张清和的一滴道胎血,成为了这些邪祟休眠之中最为明亮的道标,仿佛往油锅里头放水,使得村落一里方圆顿时炸开了锅。
无数邪物从中苏醒,依旧弥留在人世,保有着最基本血气涌动的村民们,躯壳之内顿时有宛若稻草与烂麻,却形同黑褐血肉的“稻草”涌现纠缠。
疯狂地本能趋势着他们一直追寻着张三,挣脱了凡俗的束缚后,这些邪物虽然及不上修士,但是仅仅只以速度和力量论,凡俗却是远远不及的。
并且因为对道胎血的渴求,它们还有着凡俗所不能及的凶猛与疯狂。
经过鱼汤熬练的张三恰恰就是这样一个凡人,如果以小三儿为计量单位,那么一头邪祟,可以抵得上三个小三儿。
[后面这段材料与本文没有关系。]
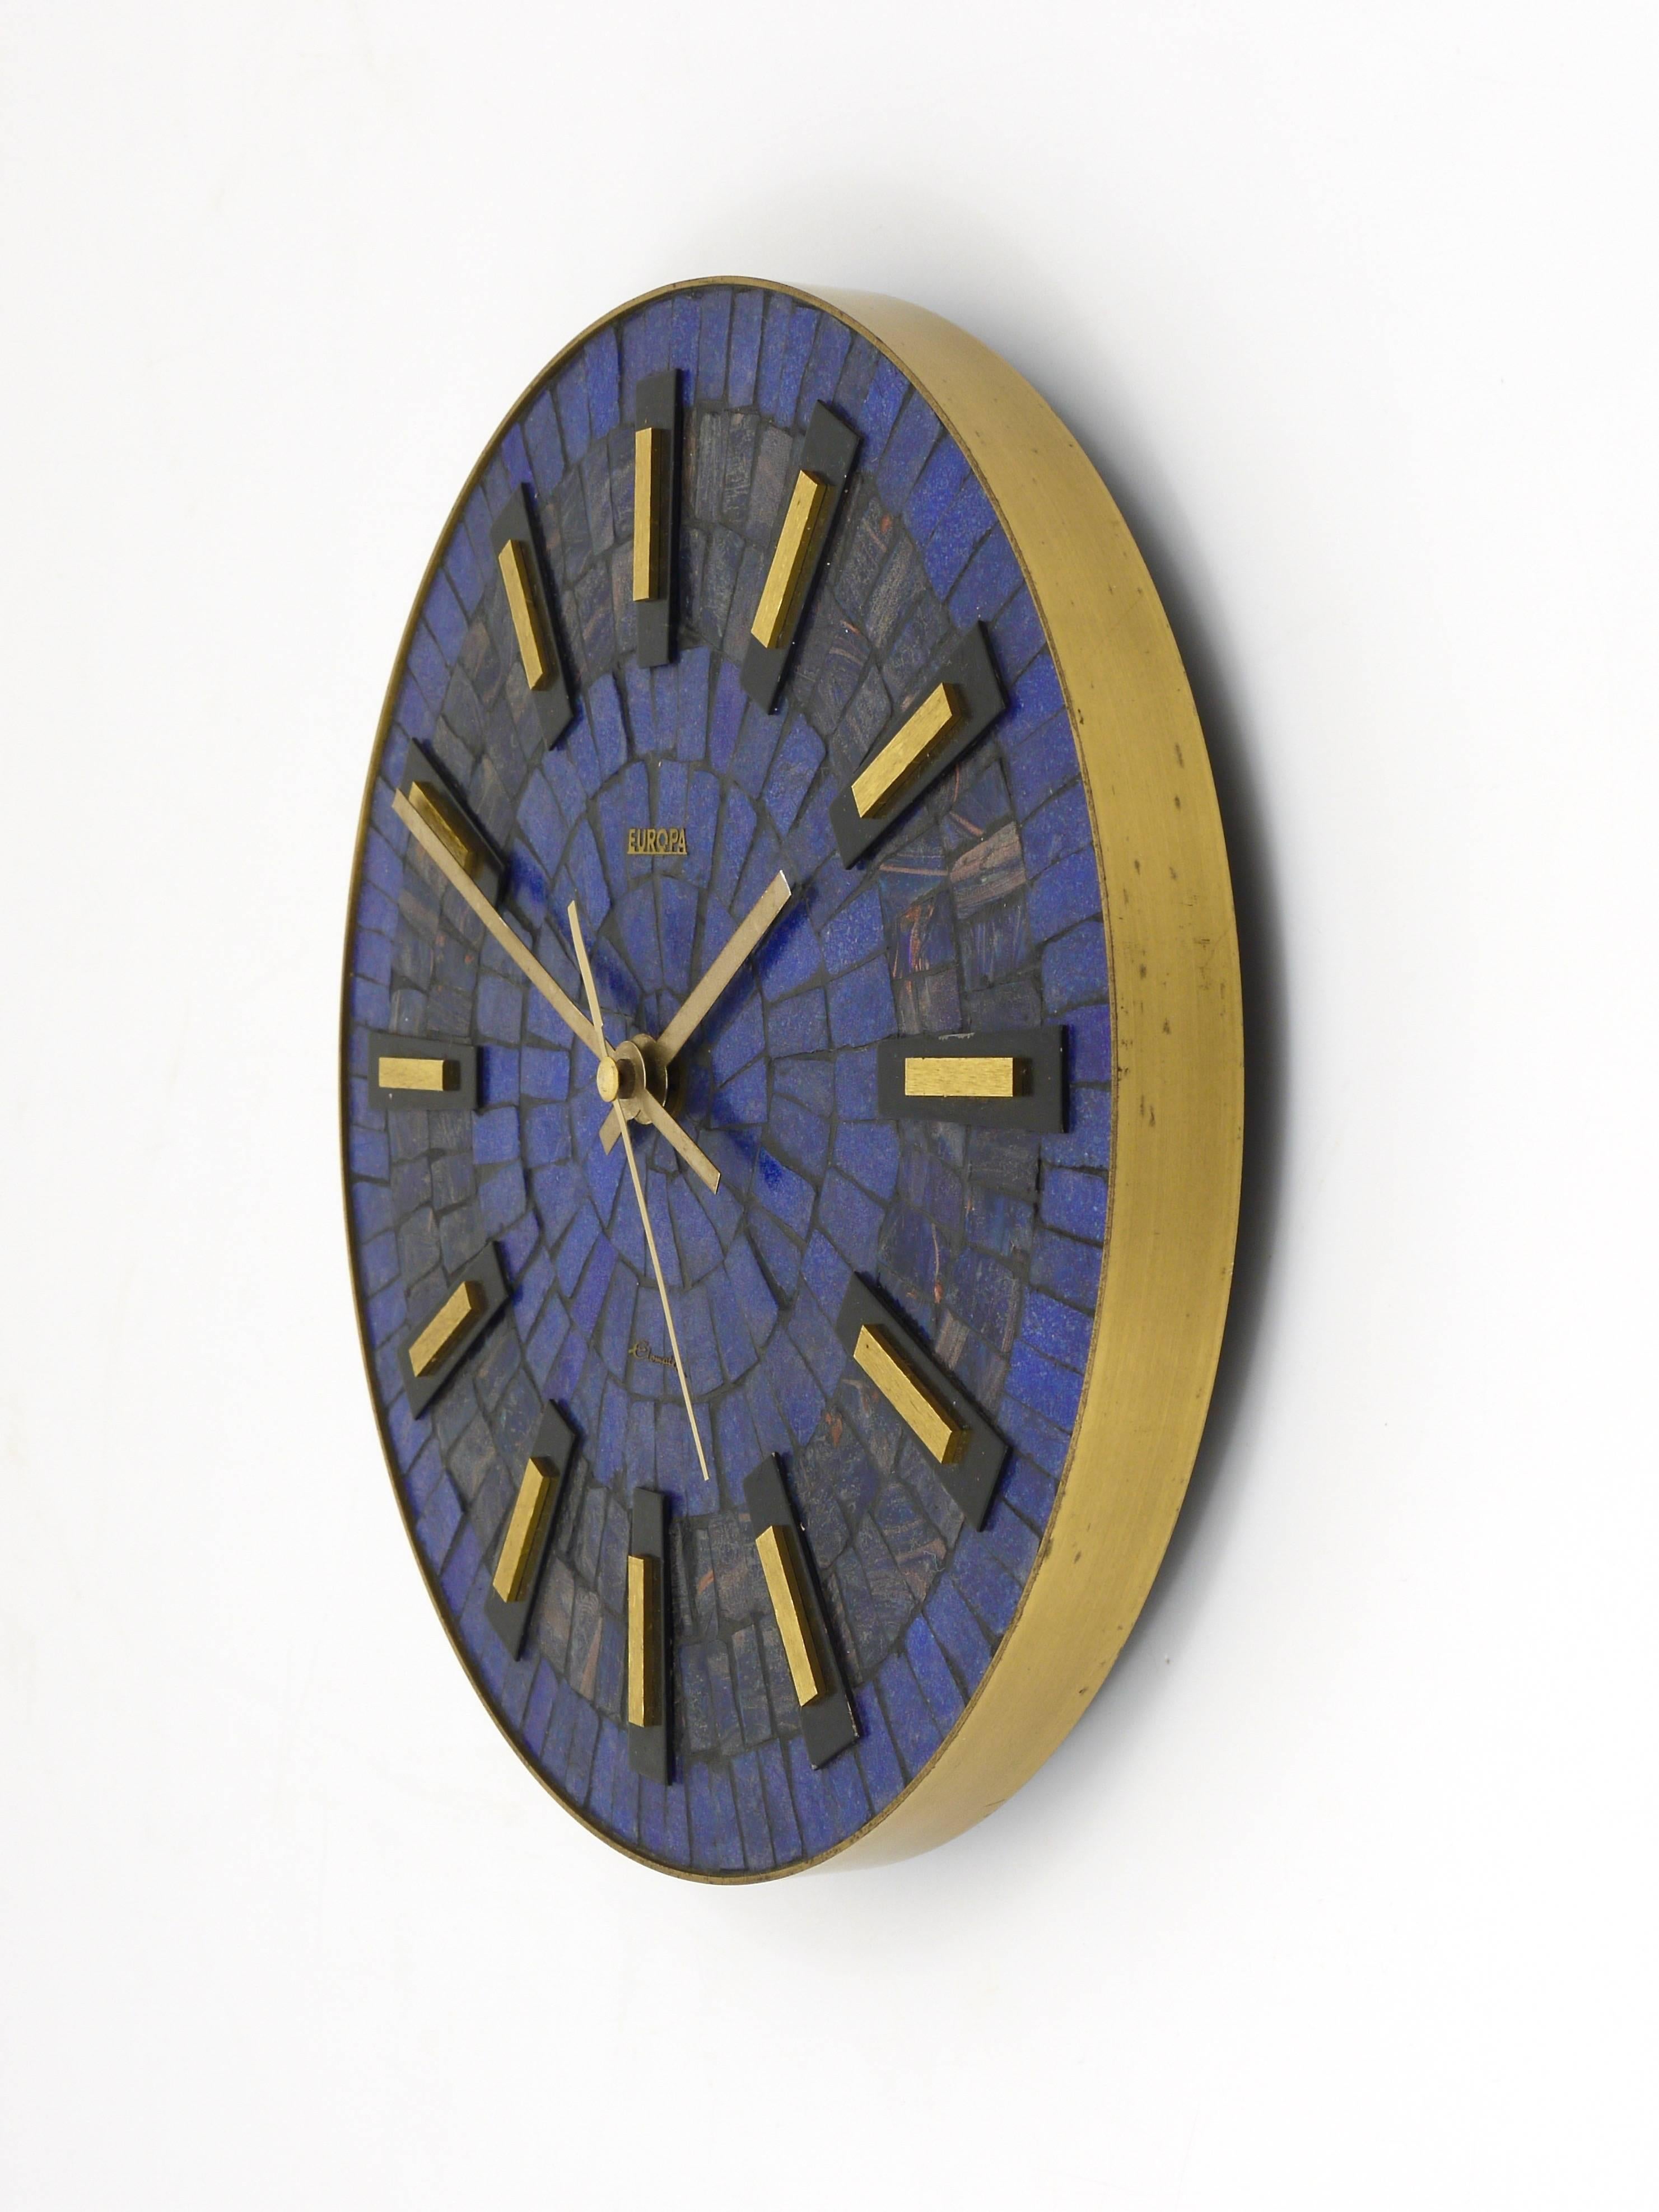 A beautiful round Mid-Century wall clock, with nice brass hands and indices and a stylish blue mosaic clocks´ face. Executed in the 1950s by Europa, Germany. Original battery-operated movement. In very good condition.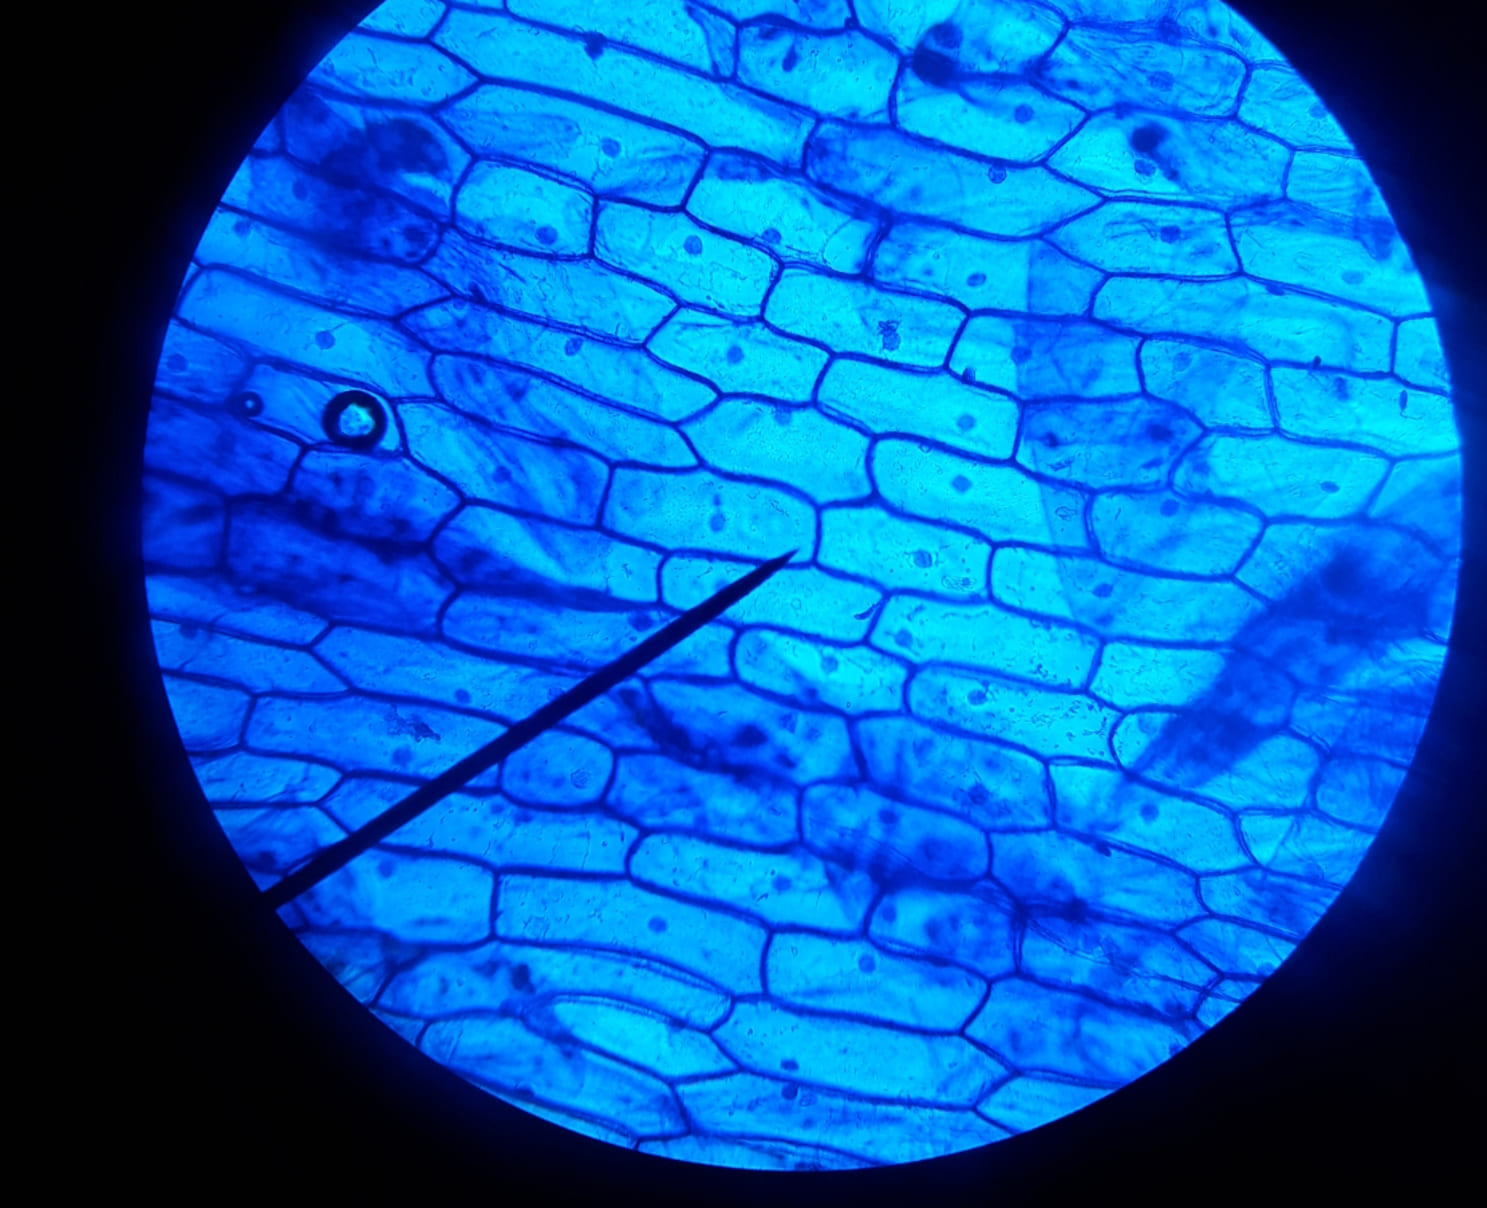 The photograph shows the epidermis tissue of the onion, which is ideal for visualising the rectangular shape of the plant cells. The cell wall, which is unique to onions and which delimits each of the cells, is clearly visible.

张清和坐在远处的山石间,自玄囊里头拿出个玉壶来——这还是自李少白处诓的桃花酿。
左右李少白也要进棺材,于是他上山之前直接自玉湖里取了一半。
得亏桃花酿及得上赤品的灵肴,不然上苍之上复本归元还没法让他记得将这东西给还原回来。
“天宫的假面与锦衣固然主要的功用是遮掩天乩,隐匿气息,但是能随着神主的修行而提升品阶,文昌的白衣已然能承载得了道果级数散播的余威而不坏损。
况且这假面与锦衣在天宫里头是法相起步才能拿的,以护持身周的功能论,虽说没有到道器的地步,可怎么也相当于一件灵宝了,再还有神牌的加持……
希望他早早发觉过来我的用意。”
张清和将桃花酿往酒杯里头倒,自语到一半,手却一顿,颇为懊恼地一拍脑袋——
“嘶,我忘了给他柄护身的东西了。”
张清和作势就要起身,但是有好似想到了什么,又停了下来,继续将酒杯中的酒蘸满,又将玉壶收起,浅浅饮了一口,看着远处张三一把鼻涕一把泪泪地奔逃。
“罢了,反正打不死。嗐,饮酒是闲趣,就是可惜少了几颗茴香豆。”
张清和看着那一群群宛如傀儡的邪祟死命般地追着小三儿,仿佛想到了半年以前,自己在蓝田被一群尸傀围着的逸事,嘿然一笑——他发誓,只是想磨砺他,并无丝毫报复的意思。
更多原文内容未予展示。